Du and his co-authors used a combination of electrochemical tests and advanced microscopic imaging to compare the performance of pure water to reclaimed wastewater in the reactors. They observed that system performance declined rapidly with reclaimed water, while the same setup with pure water continued to function stably. Through experimental and modeling analyses, they identified ions of calcium and magnesium — the same minerals that cause scale buildup on household faucets and kettles — as the main cause of performance loss. These ions stick to the membrane, blocking ion transport and turning it from a porous pathway to a solid barrier.

To address this issue, the researchers came up with a simple solution: acidifying the water with sulfuric acid. The resulting acidic buffer acts as a rich source of protons that outcompete other ions, maintaining ion conductivity, sustaining electrical current and enabling continuous hydrogen production.

"It's expensive to remove all those ions so you have ultrapure water going into the electrolyzer," said Ren. "Now, you can just acidify it a bit, you put ion-containing water into the electrolyzer, and it lasts for more than 300 hours without apparent issues."

His team estimated that using reclaimed wastewater rather than purified water could reduce the cost of treating water for hydrogen production by about 47% and the energy cost of that treatment by about 62%.
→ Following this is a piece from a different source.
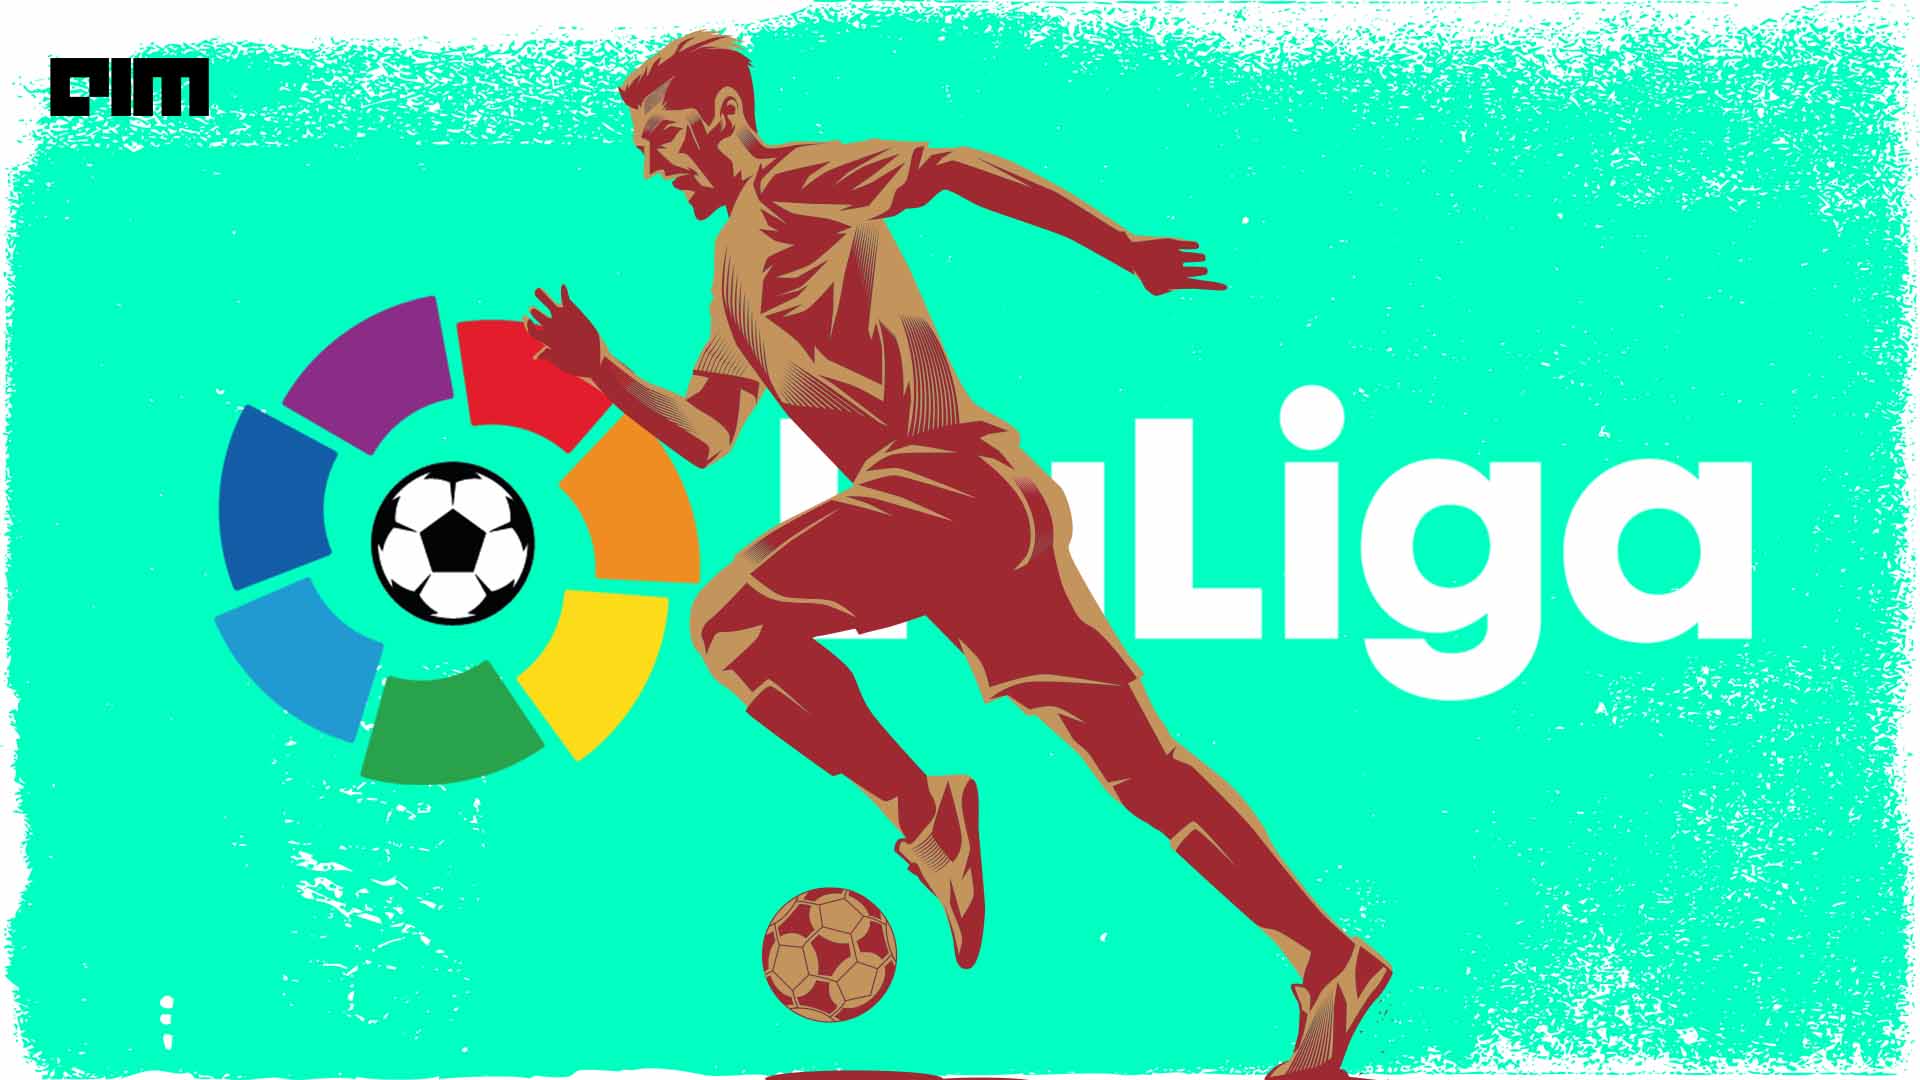 Design a logo that reflects the passion for football/soccer and the energy  of the channel.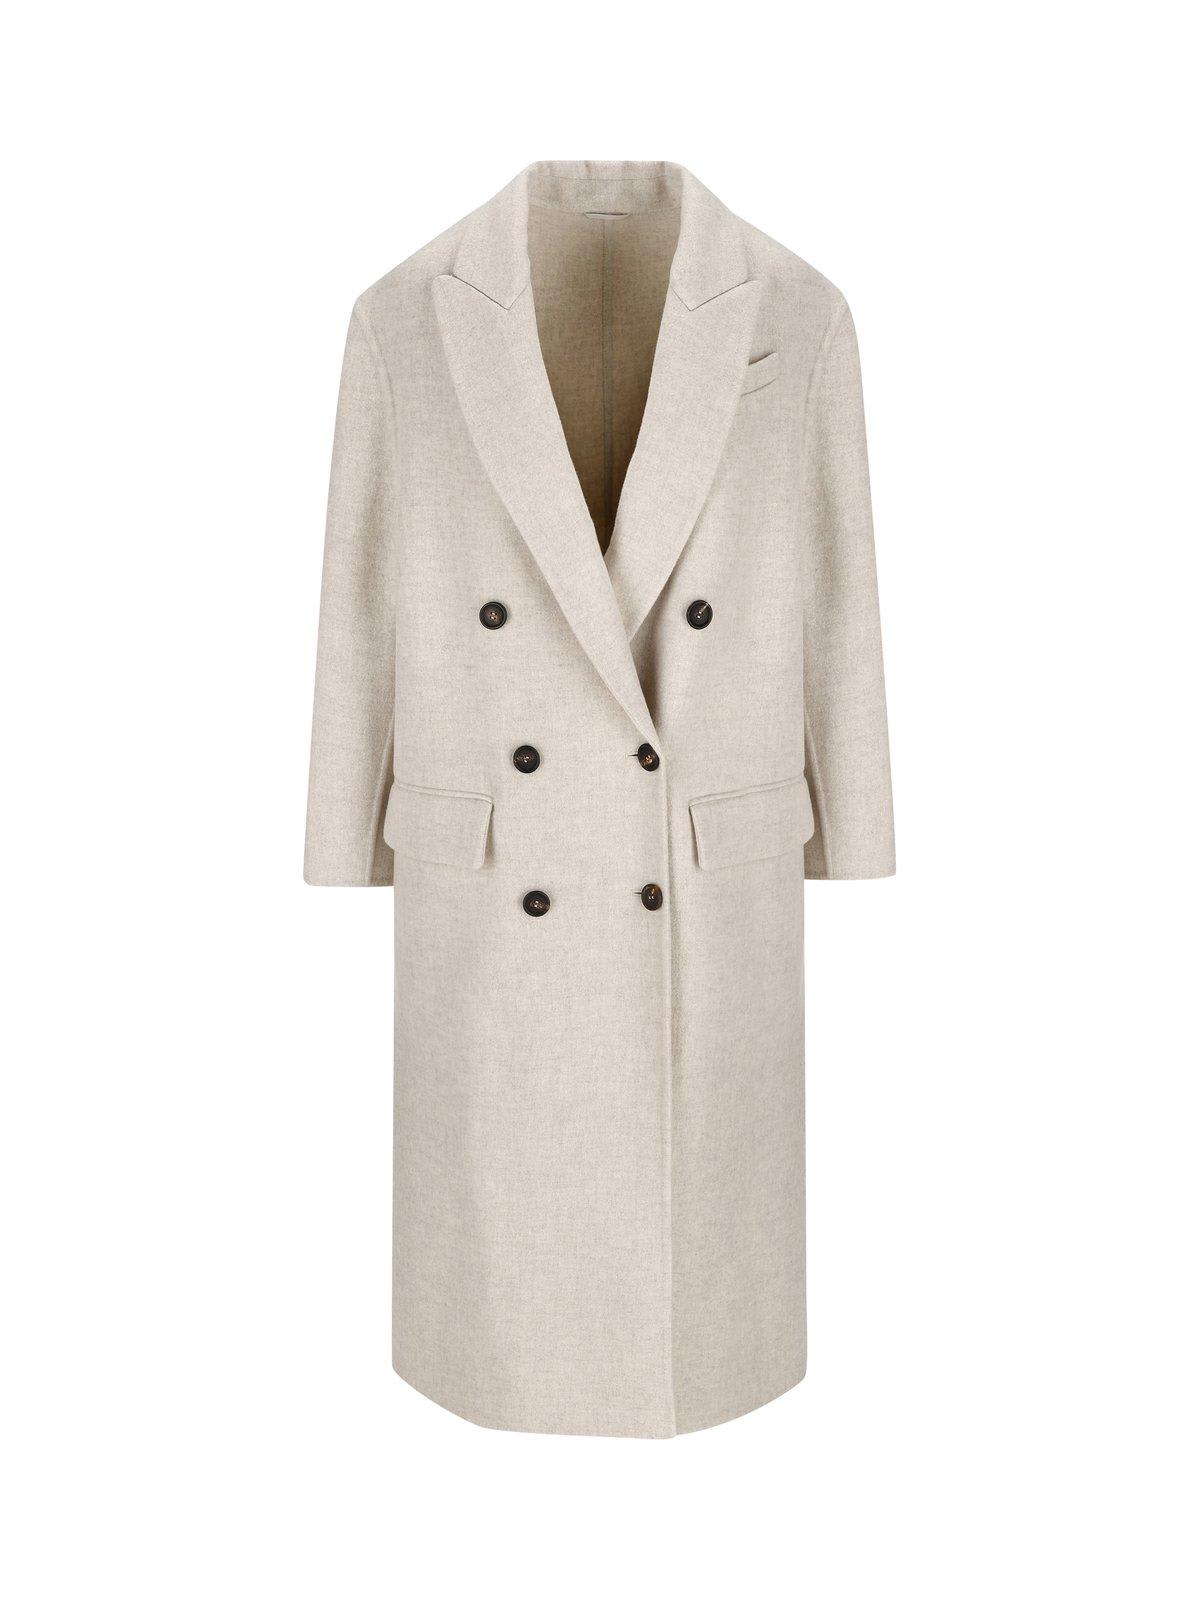 BRUNELLO CUCINELLI DOUBLE-BREASTED MID-LENGTH COAT

Crucially, said Ren, "this acid is recirculated, so it's never getting out of the system," which is important from both an environmental and cost perspective. Likewise, the calcium and magnesium ions remain in soluble phase without interfering with the circulation.

Ren and his team are working with industry partners to test how their approach functions on a larger scale, as well as how it might work with pretreated seawater as an input. Last year, they published a study on optimizing both water and cost savings in hydrogen production, identifying the best spots in the United States to collocate hydrogen facilities with wastewater facilities where reclaimed water is abundant. That work was led by Jinyue Jerry Jiang, who was a Maeder Graduate Fellow at the Andlinger Center and completed his Ph.D. at Princeton earlier this year.

"We wanted to really look into the possibility of using reclaimed water to enable a national hydrogen strategy," said Ren. "We do both deep technical research and big-picture analytical work to serve both scientific needs and industry needs."

The paper, " Electrolytic hydrogen production from acidified wastewater effluent ," was published Sept. 24 in Water Research. In addition to Du, Jiang and Ren, co-authors included Guangye Zhou, Yuqing Yan and Ryan Kingsbury of Princeton; and Anthony Ku of Xiron Global Ltd., a non-resident fellow at the Andlinger Center. Support for this work was provided by New Jersey Resources and the Andlinger Center for Energy and the Environment.